10 weeks until the Iowa caucuses and hardly any campaign ads from the presidential candidates.

It's a far cry from the months leading up to the 2008 caucuses when it seemed campaign ads dominated the airwaves. That will change possibly as soon as Tuesday with commercials featuring Texas Governor Rick Perry and radio ads featuring GOP candidate Herman Cain.

We've seen the candidates criss-cross Iowa, wooing potential caucus goers. What we haven't seen much of so far are paid commercials on TV and radio across the state.

"Most of these candidates have very limited resources. For them, they have to figure out how they want to do this. They can't control who watches TV and when, so they have to be very strategic about how they target their advertising," said UNI Associate Professor of Political Science Chris Larimer.

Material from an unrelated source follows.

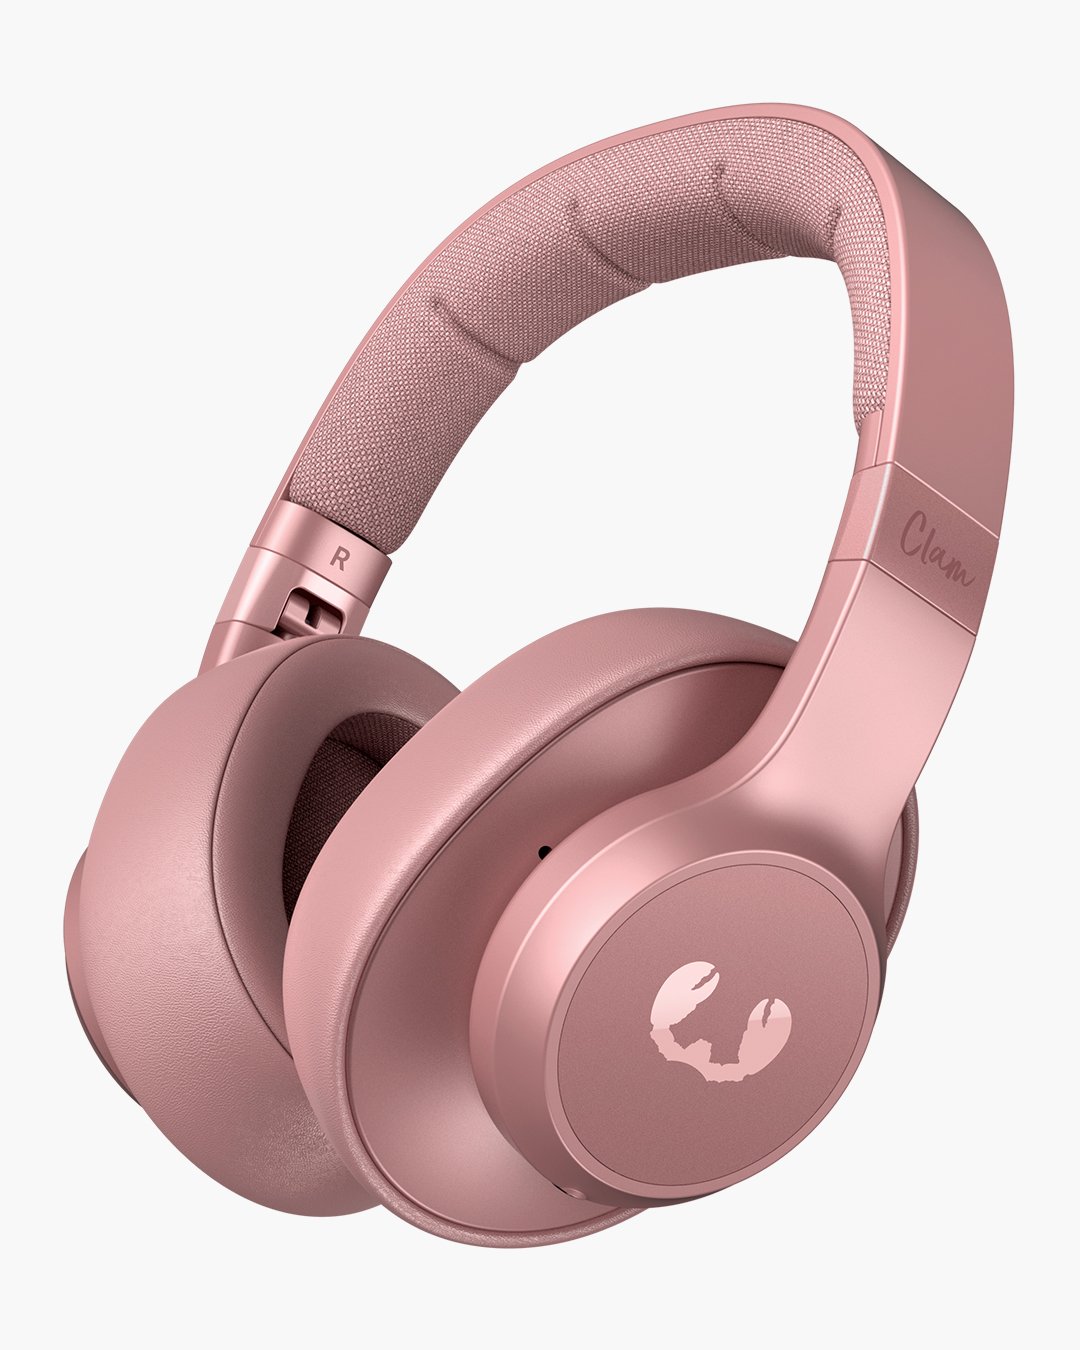 Fresh 'n Rebel - Clam ANC - Wireless over-ear headphones with active noise cancelling - Dusty Pink

An informal survey shows broadcast television spending in the market is 80% less through September than it was through that time 4 years ago. On radio, some stations have seen half the amount of advertising by presidential candidates. Others haven't seen the first ad yet.

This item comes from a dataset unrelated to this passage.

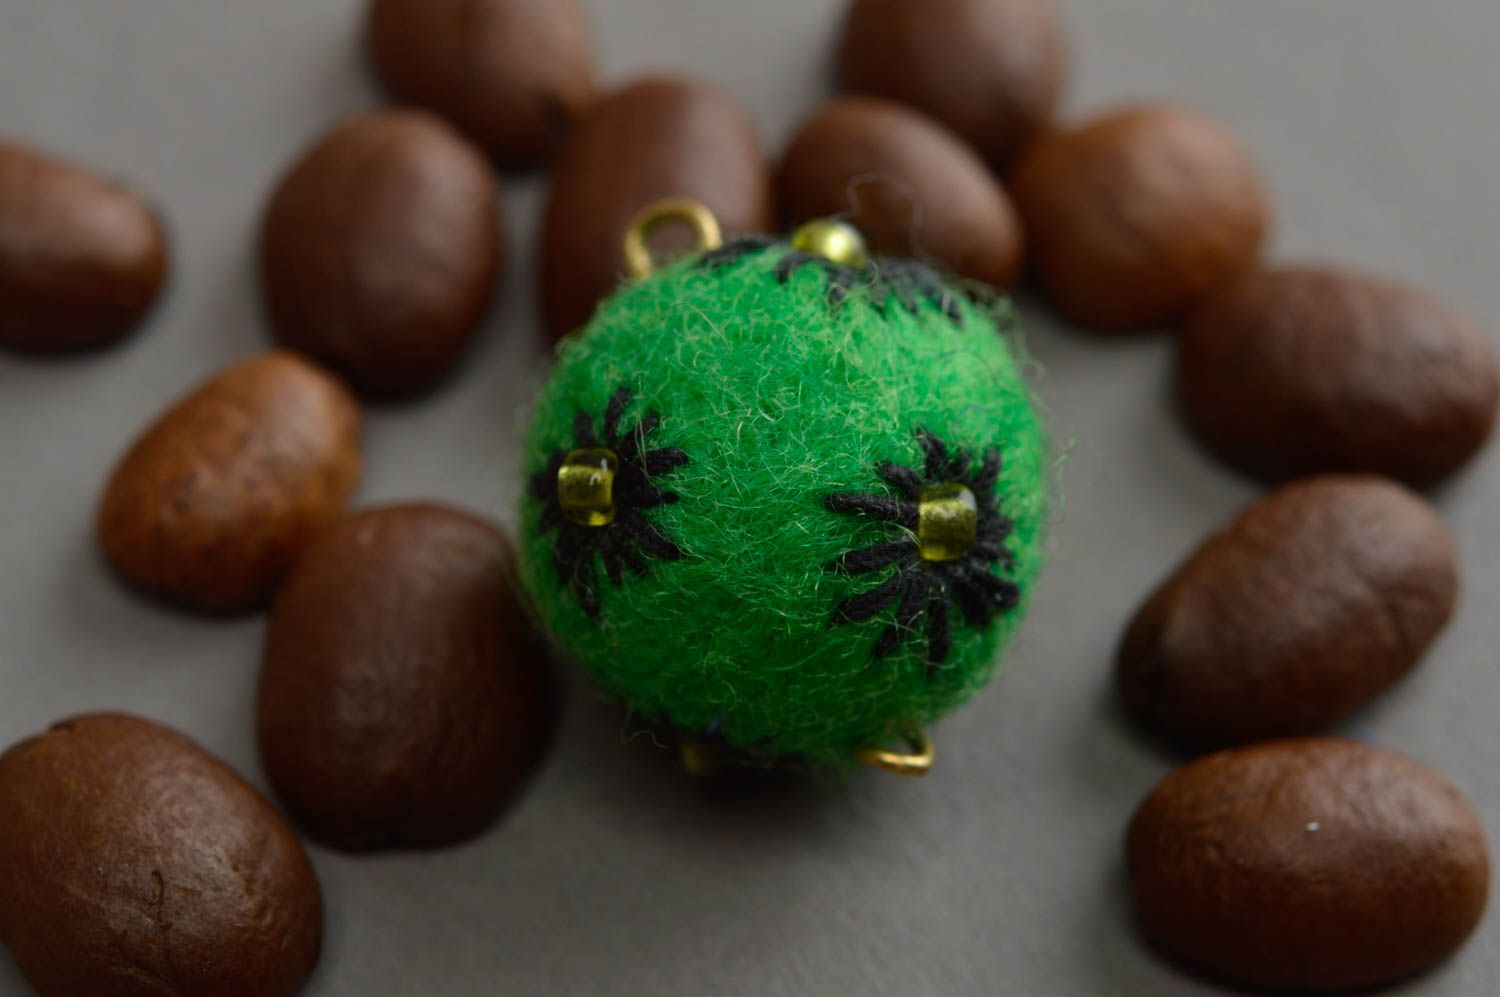 Handmade felted wool ball pendant diy jewelry making ideas gifts for her photo 1

Larimer says the nature of the campaign has precluded advertising.

"Part of it is they're getting a lot of free advertising with the debates because we've had so many debates. That's one way for the candidates to get their names out there," said Larimer.

But maybe more importantly, in a long, roller coaster campaign, the message is the issue.

"Within Iowa, it's well known you have a very socially conservative bloc of voters who are very active come caucus-time and there are more independent Republicans in the state so if you're a candidate, you have to figure out which group of voters you want to target," said Larimer.

Larimer also says another reason for fewer ads is that so far, the candidates have held off on going negative, a popular tactic in campaign commercials.

Of course, Barack Obama doesn't have to worry about campaigning in the caucus this year.

It's expected in 2012 his campaign will focus on Iowa - and will advertise here - because it will be considered a swing state.